- SUPPLIED DATA -
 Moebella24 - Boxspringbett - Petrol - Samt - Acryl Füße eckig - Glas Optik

* * *

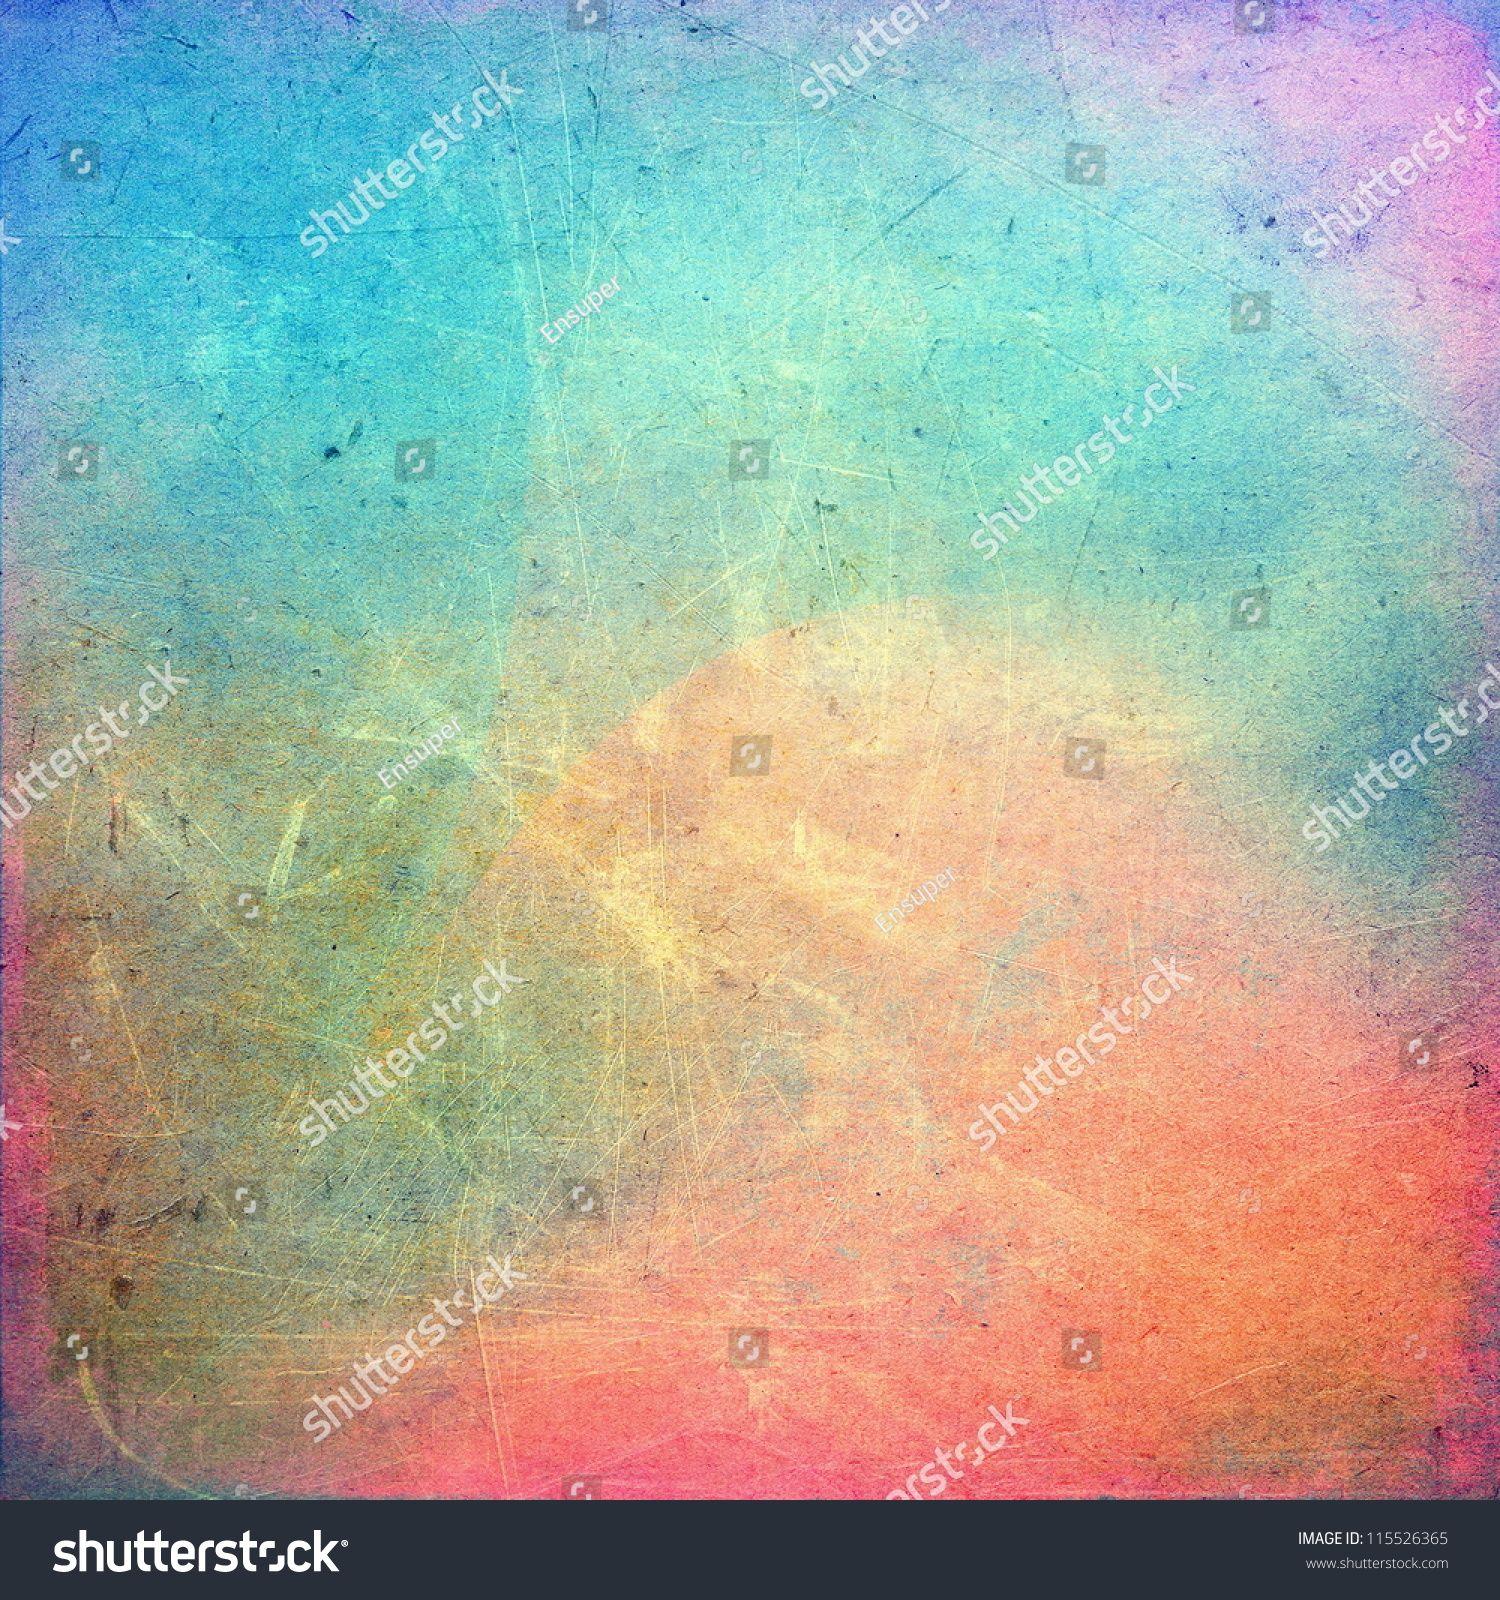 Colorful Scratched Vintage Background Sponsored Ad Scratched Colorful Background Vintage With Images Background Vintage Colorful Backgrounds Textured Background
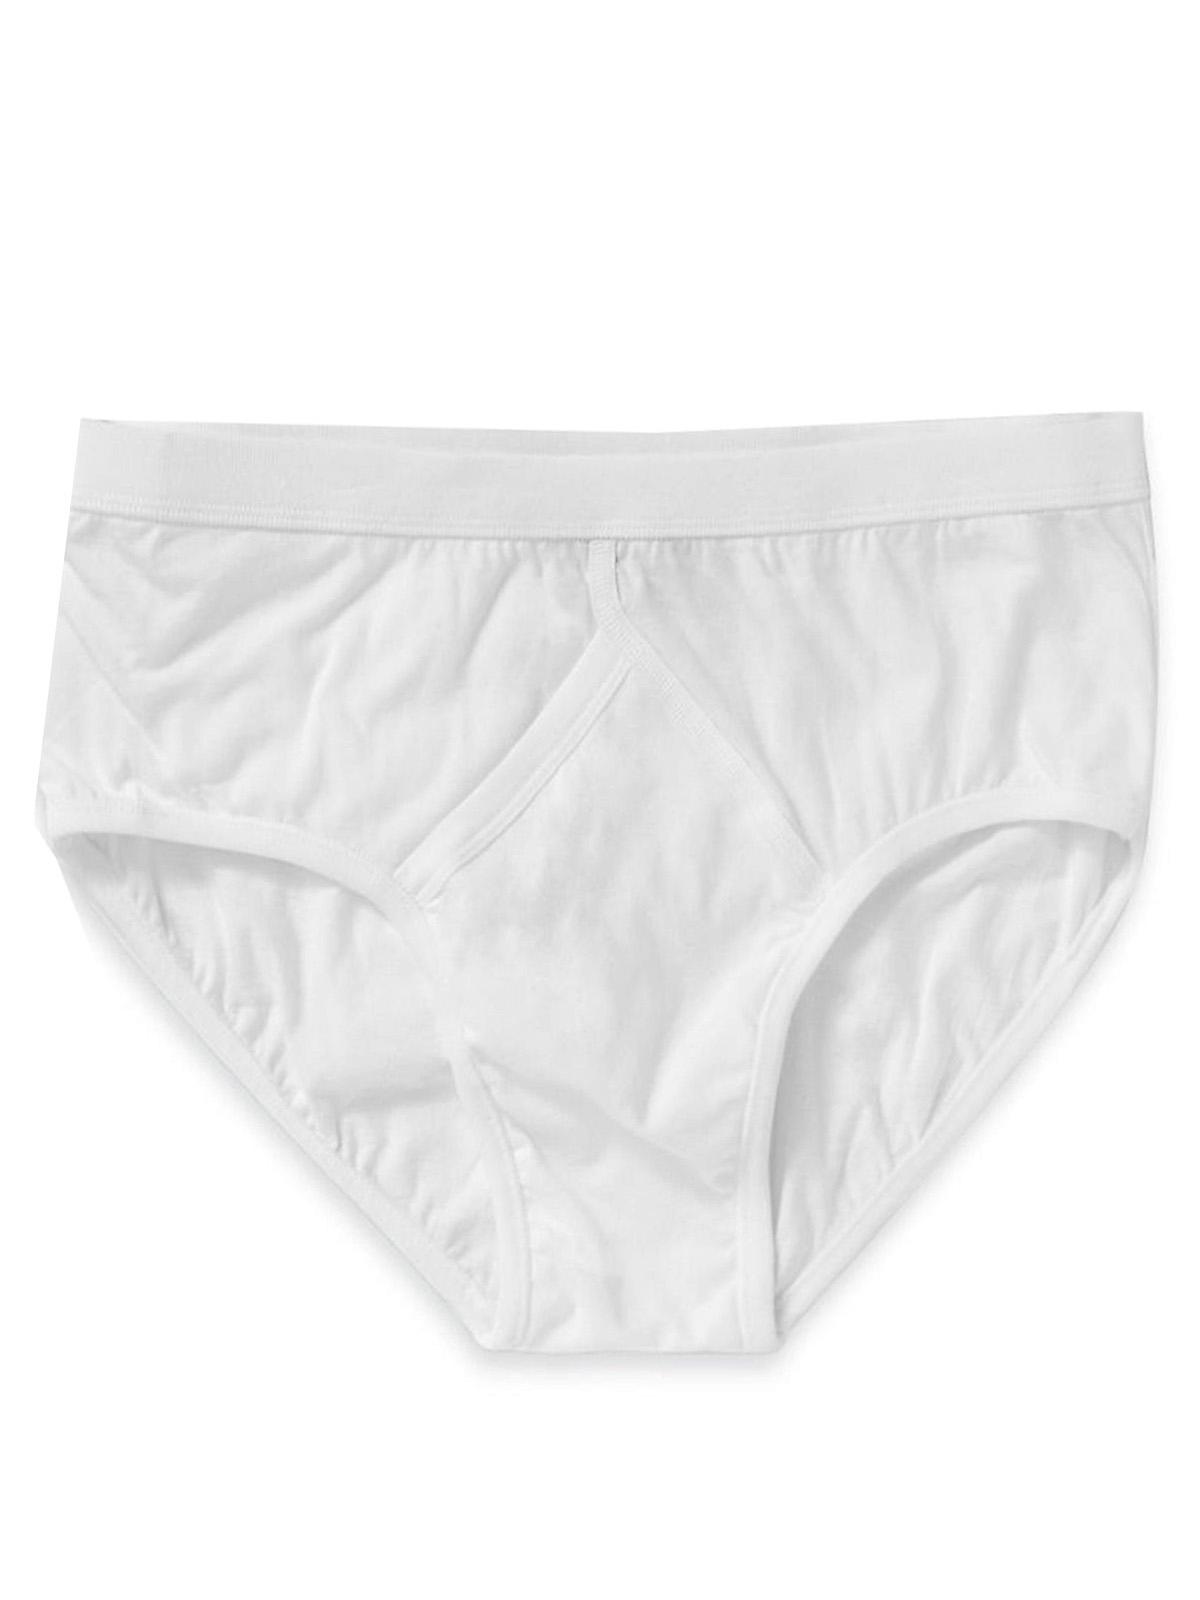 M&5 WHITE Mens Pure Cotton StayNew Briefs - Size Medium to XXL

- TO DO -
Would you output the lines above from the line holding "Colorful Scratched Vintage" up to and including the line holding "M&5 WHITE Mens", exactly and only those, with no pictures?

- WRITTEN SOLUTION -
 Colorful Scratched Vintage Background Sponsored Ad Scratched Colorful Background Vintage With Images Background Vintage Colorful Backgrounds Textured Background
 M&5 WHITE Mens Pure Cotton StayNew Briefs - Size Medium to XXL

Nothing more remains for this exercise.